Chronicles of the Lost Daughters by Debarati Mukhopadhyay – translated by Arunava Sinha.
I received a Paperback copy via #Bookchatter – the Blogchatter Book Review Program, in return for an honest review. The book is available on Amazon in Paperback and Kindle format
Language. Genre. Pages:
English. Historical Fiction. 326 pages.
What is it about?
An unfortunate incident sparks some hasty decisions, which require child widow Bhubonmoni to flee her village along with her brother, Krishnoshundor, and his family. The families’ naivete and desperation make them prime targets for an agent who promises them safety but instead sells them to a rich and wily trader, Nobokishore, as soon-to-be slaves to the British.
Chondronath a young musician moves to Calcutta with dreams in his eyes and a voice so mellifluous that it catches the attention of Nawab Wajid Ali Shah. While his voice enthralls others he is enthralled by Moti, the Nawabs daughter from his mistress and who is Nobokishore’s mistress, forced into prostitution due to lack of financial help. Chondronath makes up his mind to rescue this beauty.

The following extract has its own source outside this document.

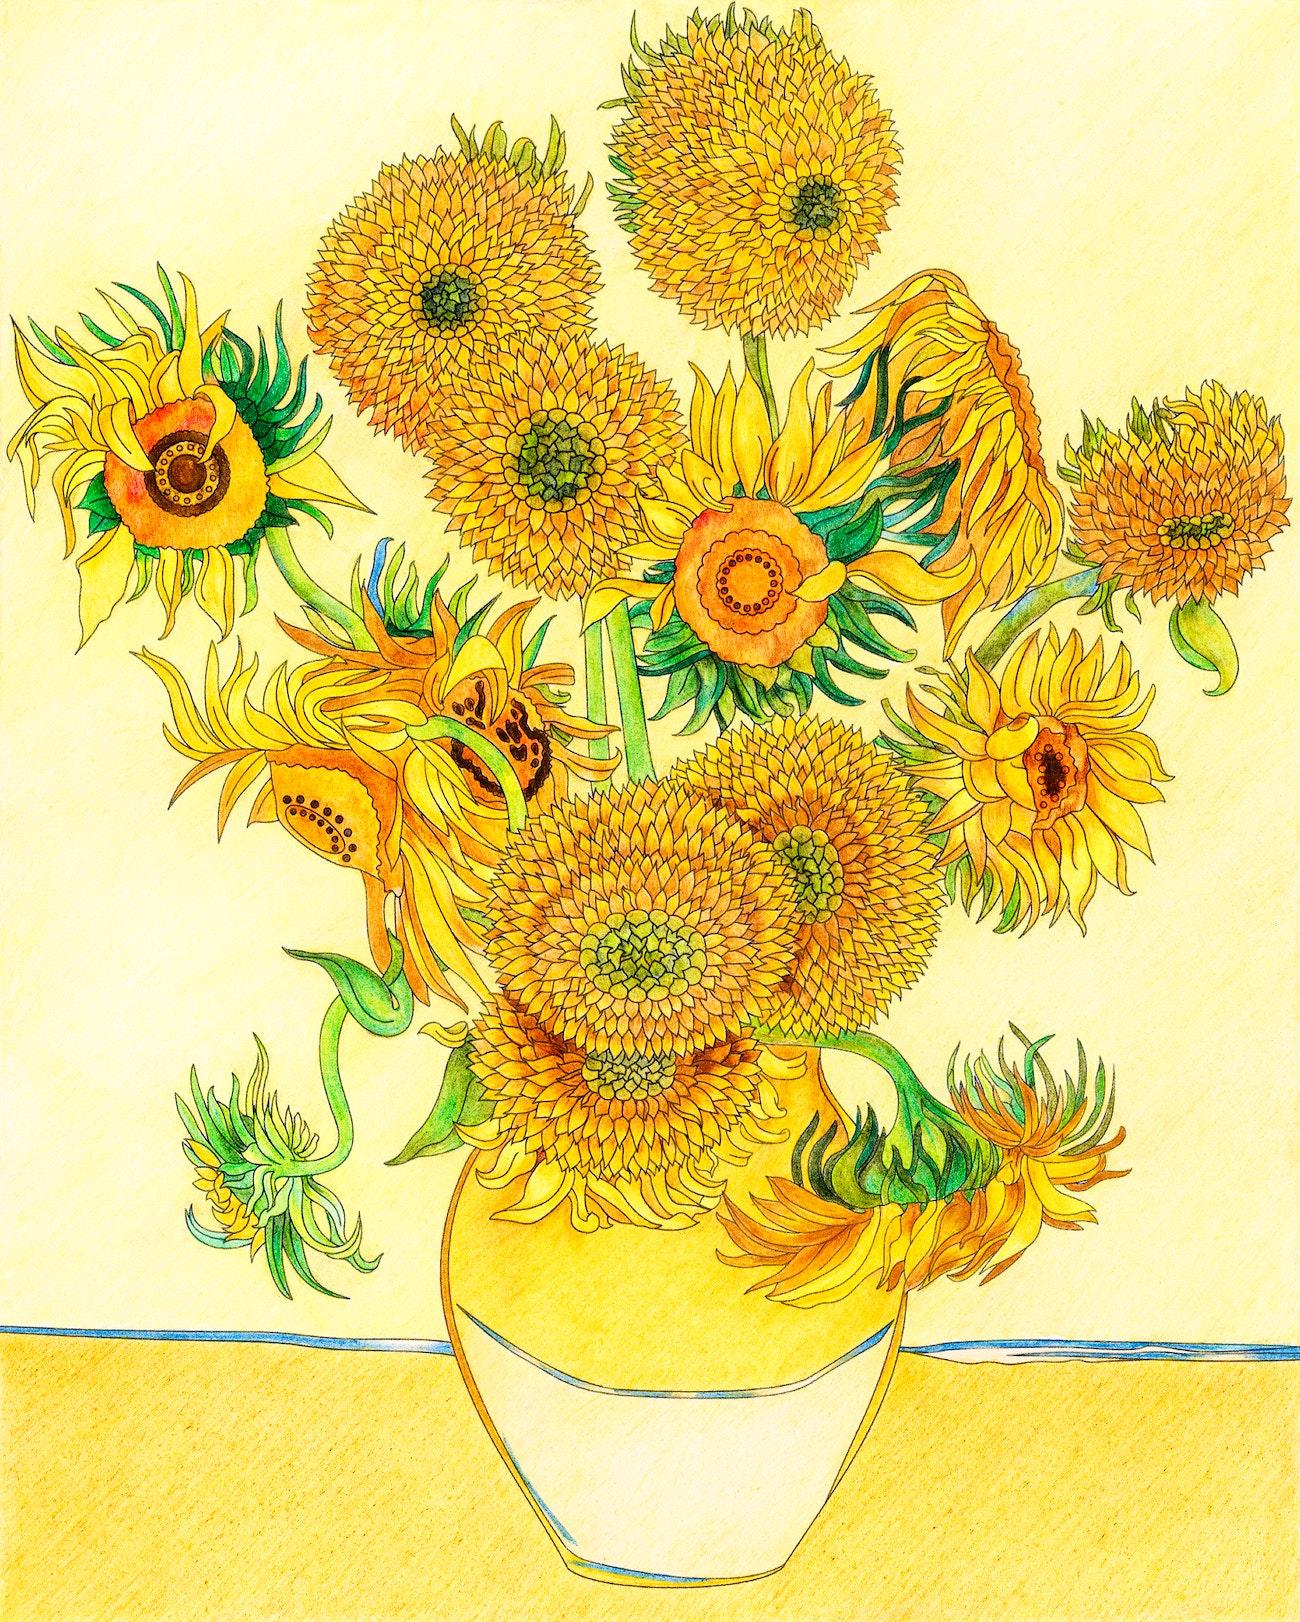 Van Gogh Colouring Pages - Van Gogh Museum | 1622x1300

Much married 52-year-old Nobokishore’s thirst for a son makes him follow his astrologer’s advice, of marrying a 10-year-old high caste girl, and he abducts both of Krishnoshundor’s young daughters for that purpose.
Different people in different places on journeys you go along as a fellow traveler.
What did I think of it?
Set in 19th century Bengal, Chronicles of the Lost Daughters is a story that holds many stories in its folds.
This historical fiction shines the light on the caste system, child marriage, child widows, and exploitation of women and the lower classes.
The Author uses her skillful storytelling and creates compelling characters you love, loathe, or want to see justice done to. All shades of life are depicted by the very many characters spread throughout the book. You see the protagonists struggle before they decide that the life they have been given will not be the life they will live.
There is a heavy price to pay for ignorance and education is the most important gift we can give to ourselves and others is the underlying lesson this book instills. This book also shows us that it is never too late to find the courage within, and build it till it is strong enough for you to use as a weapon against ignorance.
Wow or Not Now? I haven’t read the original book in Bengali, called ‘Narach’, which seems to have a cult following as does the author, Debarati Mukhopadhyay. However, kudos to Arunava Sinha for the smooth and riveting translation. The eye-catching cover, which looks like a painting, deserves a special mention.
What Else? The book is a heavy read, and by that, I don’t mean by the number of pages. It makes us realize that the freedom we have today, and take for granted, was made possible by the struggles of so many women who did not enjoy any of it.